И вдруг сильным голосом на полную мощь: «Мне правда горькая сказала: не робей…»
- Все! – и захлебнулся ударник. – Чуть сдержаннее и тихо. Чтоб сами почувствовали, чтоб подойти к кульминации: «Я тебе не верю!»
Тихонечко подошла и подала очки Кристина.
- Вот. Появился характер, появилась мелодия. «Не надо лгать… Не надо лгать…» - четыре, пять, семь повторов и в каждом своя интонация, своя сила голоса, особый смысл.
- Вот! Не надо громче, громче буду петь я.
Рука с микрофоном упала вниз, через такт споткнулся оркестр.
- Неплохой темп, но он какой-то, - подыскивает она точное определение, - плавающий… «Я тебе не верю!» Бум-м! – сымитировала удар барабана. – Потяжелей. Негромко, но потяжелей. У нас должно быть громко там, где я поворачиваюсь к вам спиной: «Я тебе не верю!»
издание уст. не удалось, статья "Алла Пугачева. Работа и песня", авт. Е. Дегтярев, 1985 год
Е. Дегтярев (автор статьи):
…Охапки цветов «для Пугачевой» отнесены в ее комнату и разобраны участниками спектакля, это и их букеты. А со сцены в бессильно опущенной правой руке она уносит единственную ветку с двумя пунцовыми розами на ней. Рядом, словно поддерживая, молча идет Кристина. Впервые в жизни именно в Донецке и она познала концертный труд, сыграв роль в песне «Двадцатый век».
издание уст. не удалось, статья "Алла Пугачева. Работа и песня", авт. Е. Дегтярев, 1985 год
Алла Пугачева:
- Алла, вы помните «Робота»?
- Еще бы! Это такая ироническая песенка, и, наверное, сейчас я пела бы ее с улыбкой… А тогда пела, как настоящую человеческую трагедию: «Робот, ты же был человеком!». И было это настолько серьезно, что я плакала во время исполнения. Добрейший Валентин Иванович (В. И. Козлов – главный редактор отдела сатиры и юмора Гостелерадио СССР в то время) до того растрогался, что вскоре пригласил меня на «Устный выпуск» в Министерство просвещения РСФСР – мою первую в жизни публичную встречу со слушателями. На эти выпуски брали самых сильных исполнителей, таких, например, как Марк Бернес. А выглядела я, надо сказать, не ахти как – типичная студентка. Вы помните эстрадную моду тех времен? Блестки, люрекс, платья с открытой спиной. Самый шик – красные лаковые сапоги. И вдруг вместо этой красоты и сияния является…
- Гадкий утенок?
- Приблизительно. Во всяком случае, когда шла на сцену, случайно услышала, как Никита Богословский говорил Валентину Козлову: «Да ты спятил, погляди, кого ты привел – она не знает даже, куда руки девать. Провал, провал…». Как ни странно, меня проводили дружными аплодисментами.

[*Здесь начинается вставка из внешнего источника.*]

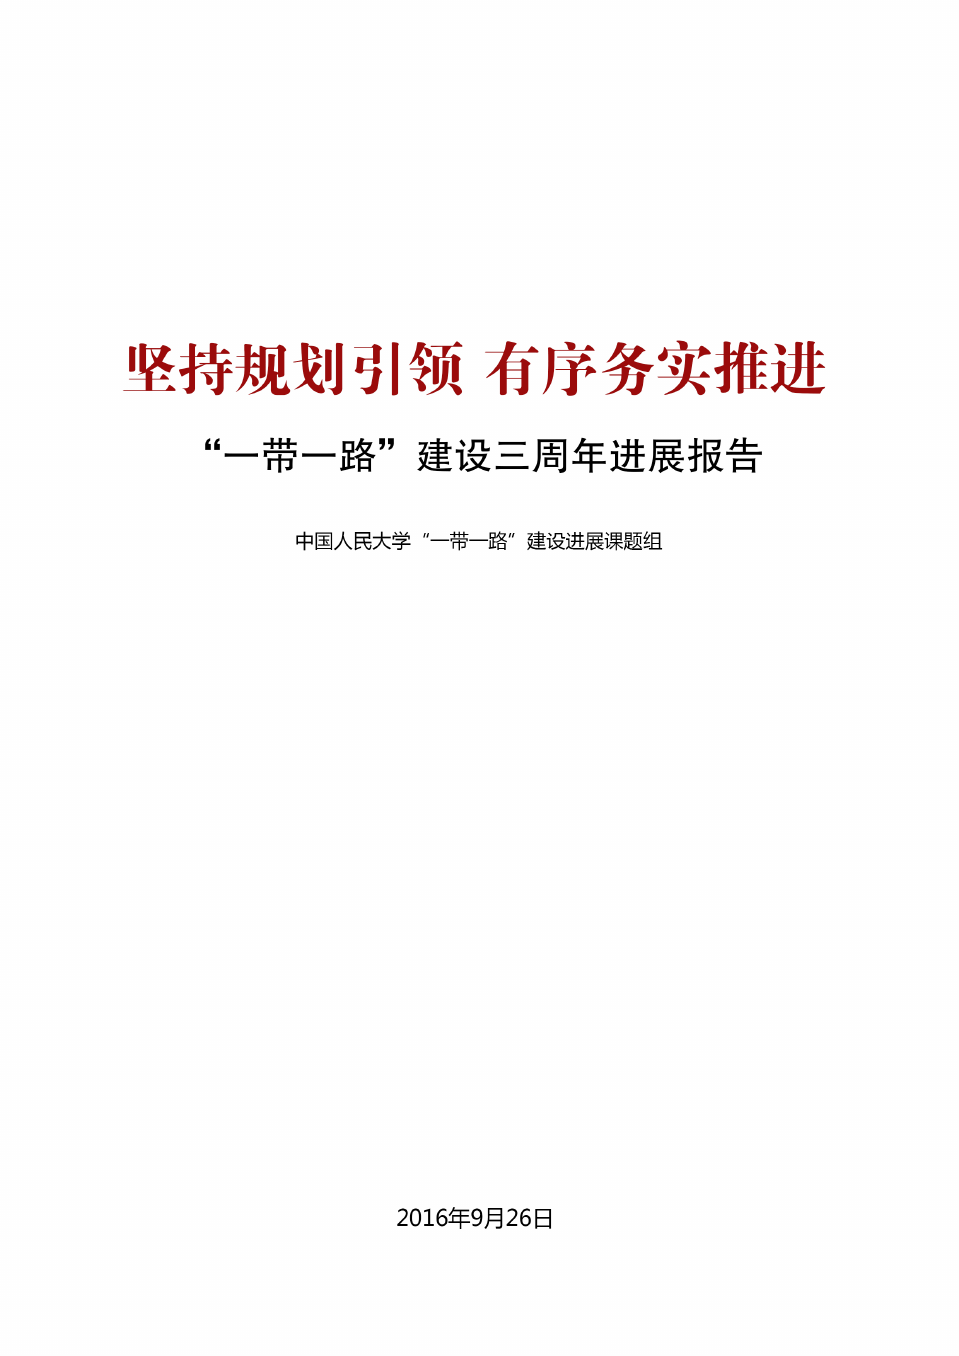 """一�б宦贰苯ㄔO三周年�M展�蟾�"

А дальше я записала еще пару песен на радио, выступила с «Роботом» по телевидению. А потом почувствовала: не тяну. И ушла из большой эстрады. Думала – на время, а оказалось – на долгие годы.
«Крокодил», №7, 1984 г.
Алла Пугачева:
- Со времен циркового училища у меня была тяга к песне с комическим поворотом, с жонглированием и «глотанием шарика», к песне, позволяющей наполнить себя болью и насмешкой, иронией и печалью. «Арлекино» Эмила Димитрова был вещью забытой, вышедшей из моды. Но с того момента, как я уселась рядом с аранжировщиком и автором русского перевода и стала обсуждать с ними «постановочный» план песни, с того момента «Арлекино» с его лоскутным костюмом и маской на лице не отпускал меня ни на миг. Куда бы я ни шла, я постоянно чувствовала его присутствие, как чувствуешь на себе взгляд висящего на стене портрета.
Мне захотелось, чтобы героем стал не традиционный слуга-шут, а клоун. Отсюда элементы цирковой музыки в аранжировке. Не той легкой, вальсирующей, под которую водят собачек, а парадной, праздничной, когда на манеж выходит артист. Мой Арлекино – волшебник, творец смеха, и этот смех – единственная ему награда… В этом смехе я пыталась изобразить зрителей разных возрастов и различного социального положения. У меня этот смех был «найден» за шесть лет до этого и «лежал про запас». Этот смех передает и душевное состояние Арлекино. В нем отказ подчиниться горькой правде жизни, и удовольствие от того, что именно этот дурацкий смех делает его похожим на богачей. Ведь шут только тогда роднится умом с богачами, когда звенят его бубенчики дурака.
«Культура и жизнь», №12, 1979 г.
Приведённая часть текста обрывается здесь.